Does this patch help?
Comment 13 Duncan 2010-12-08 11:04:26 UTC
(In reply to comment #12)
> Does this patch help?

Yes!  That patch eliminates the problem (and current git as of v2.6.37-rc5-26-g2cedcc4 still has the issue, without the patch).

As mentioned, this has affected stable 2.6.35 and all of 2.6.36 as well, so applying this to the stable tree for both should be considered as well as 2.6.37, once you're sure it's unlikely to cause other problems.

FWIW, with the patch applied, I'm getting the best and most glitch-free OpenGL accel I've ever seen on this hardware.  It's quite nice not to see or know of a single glitch.  Now /this/ is what I purchased this r7xx Radeon upgrade for!  =:^) 

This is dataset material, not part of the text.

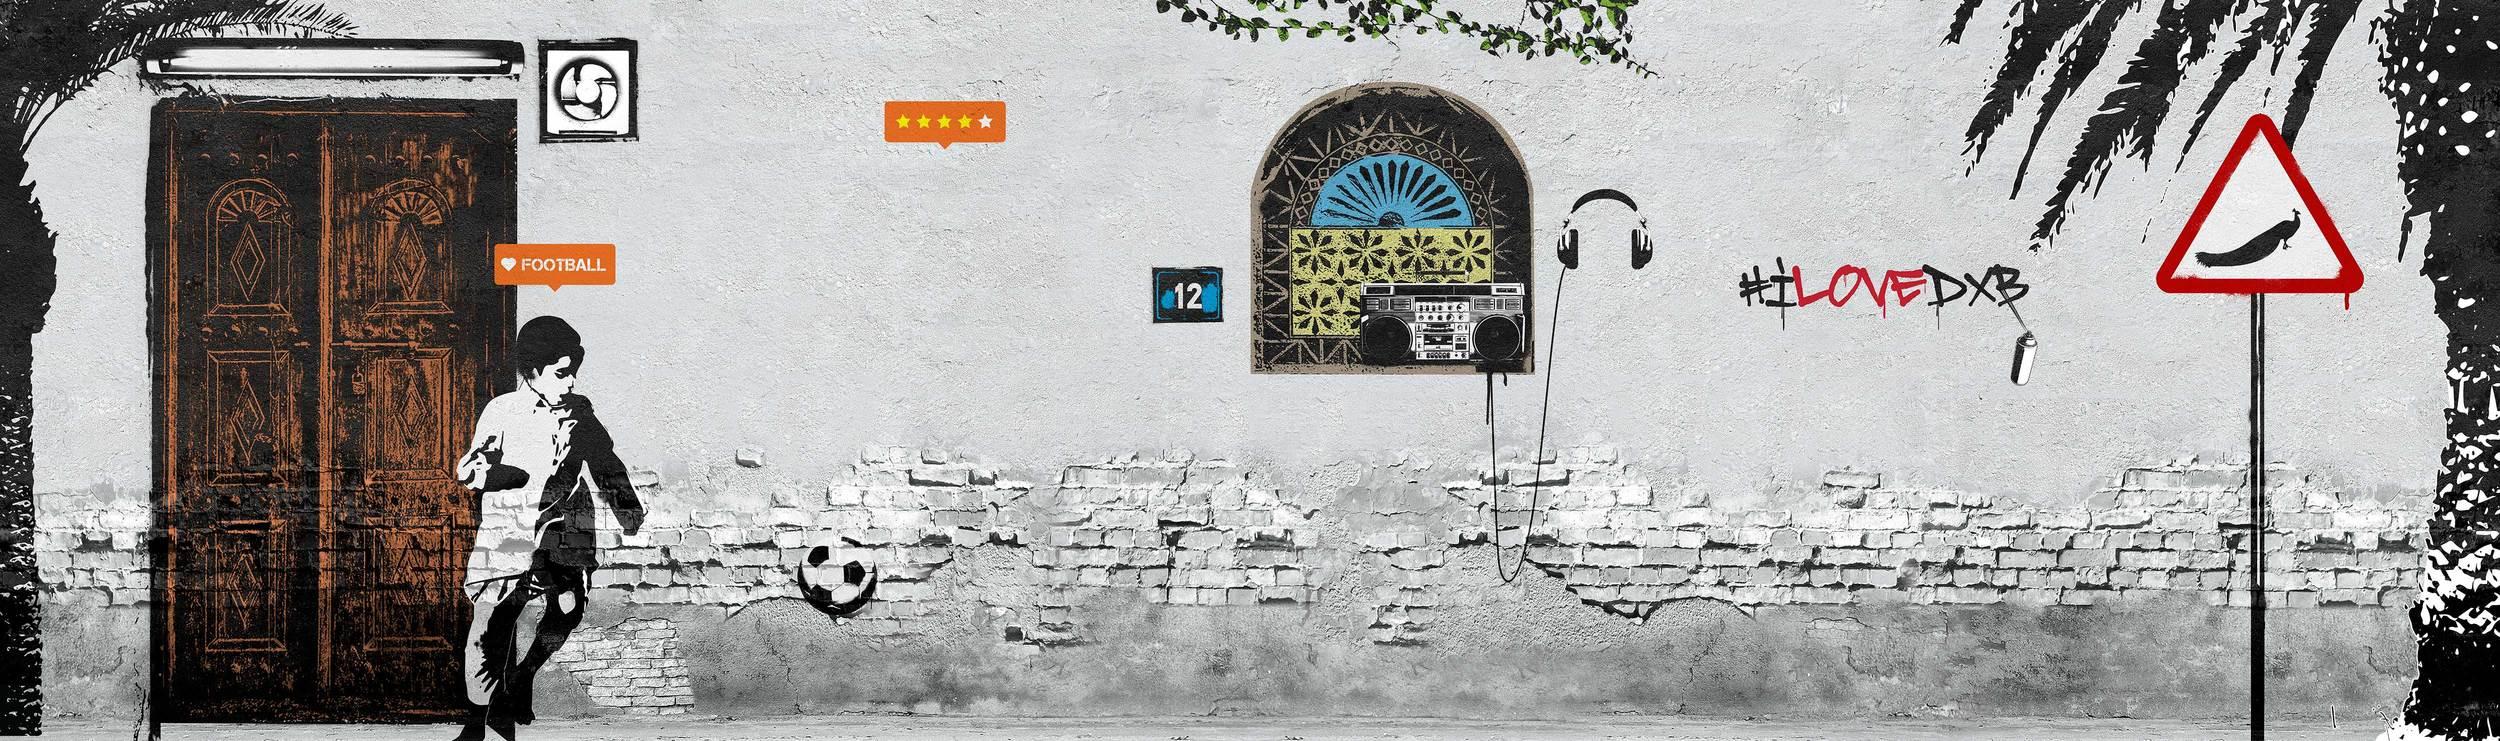 Wall_03_796cm_216cm-Hi-04-copy.jpg

And, even tho there were a couple glitches still and I had that one commit revert, I had an uptime of nearly a month on 2.6.37-rc1-170-gf6614b7, before I rebooted to test current, so everything's pretty stable too, it seems.  2.6.37 might well be the best kernel I've seen in awhile. Certainly, I don't believe I've seen that sort of stability just after rc1 for some time.  =:^)
Comment 14 Holger Lenz 2010-12-11 16:58:14 UTC
Tried the patch on 2.6.36.1-2 (RV730 AGP)
Not much luck:
With KMS the system will boot into a black screen and lock up.
With UMS (nomodeset in kernel command line) it will show X, but freeze while the window manager is loaded.
Guess I have to wait for 2.6.37 to become integrated into my distro.
Comment 15 Holger Lenz 2010-12-13 19:56:36 UTC
Did some more homework:
Compiled kernel 2.6.37 rc5, taking care to enable KMS (new driver) by setting DRM_MODESET_KMS=ON.
Unpatched and patched drivers show the same behavior:
1. Boot without nomodeset in the kernel cmd line: Blank screen before X is fully loaded.
2. Boot with nomodeset in the kernel cmd line: X loads with radeon/R600 classic driver is is reasonably quick in 2D, but a lockup occurs sooner or later. Switching from X to fb terminal usually does the trick quickly. The patched driver seems to lock up more quickly.
Any ideas what I could do to help you fix the bug?
Hardware is similar to Duncans: AMD K8, VIA K8T800 chipset, Radeon HD 4650 AGP (RV730)
 
Cheers Holger
Comment 16 Alex Deucher 2010-12-13 20:13:12 UTC
Holger, your issue may not be the same as Duncan's.  I'd suggest changing the AGP mode in your bios or adjusting it or disabling it via the kernel command line (radeon.agpmode=-1 to disable, 1,2,4,8 to force the agp mode). It might also be related to the latency setting on the host bridge.  VIA boards tend to set them pretty aggressively.
Comment 17 Holger Lenz 2010-12-13 21:00:06 UTC
(In reply to comment #16)
> Holger, your issue may not be the same as Duncan's.  I'd suggest changing the
> AGP mode in your bios or adjusting it or disabling it via the kernel command
> line (radeon.agpmode=-1 to disable, 1,2,4,8 to force the agp mode). It might
> also be related to the latency setting on the host bridge.  VIA boards tend
> to
> set them pretty aggressively.
You may be right: Still using the patched driver I set radeon.agpmode=-1 and the system came up with X using radeon and swrast. Seems like radeon.agpmode=-1 switches off dri / the r600 classic driver. A few switches to the fb console broke the vt session, but I was always able to switch back to X.
Unfortunately I cannot get AGP to work with the radeon driver. Using really conservative settings in the AGP bridge, the driver still doesn't boot without radeon.agpmode=-1. I used the following BIOS settings to get moderate timings
AGP Mode=4x
VLINK 8x disable
AGP 3.0 calibration cycle enabled
DBI output for AGP transactions disable

The hardware itself should be pretty stable - I ran a heavy Furmark stress test under windows to check for robustness.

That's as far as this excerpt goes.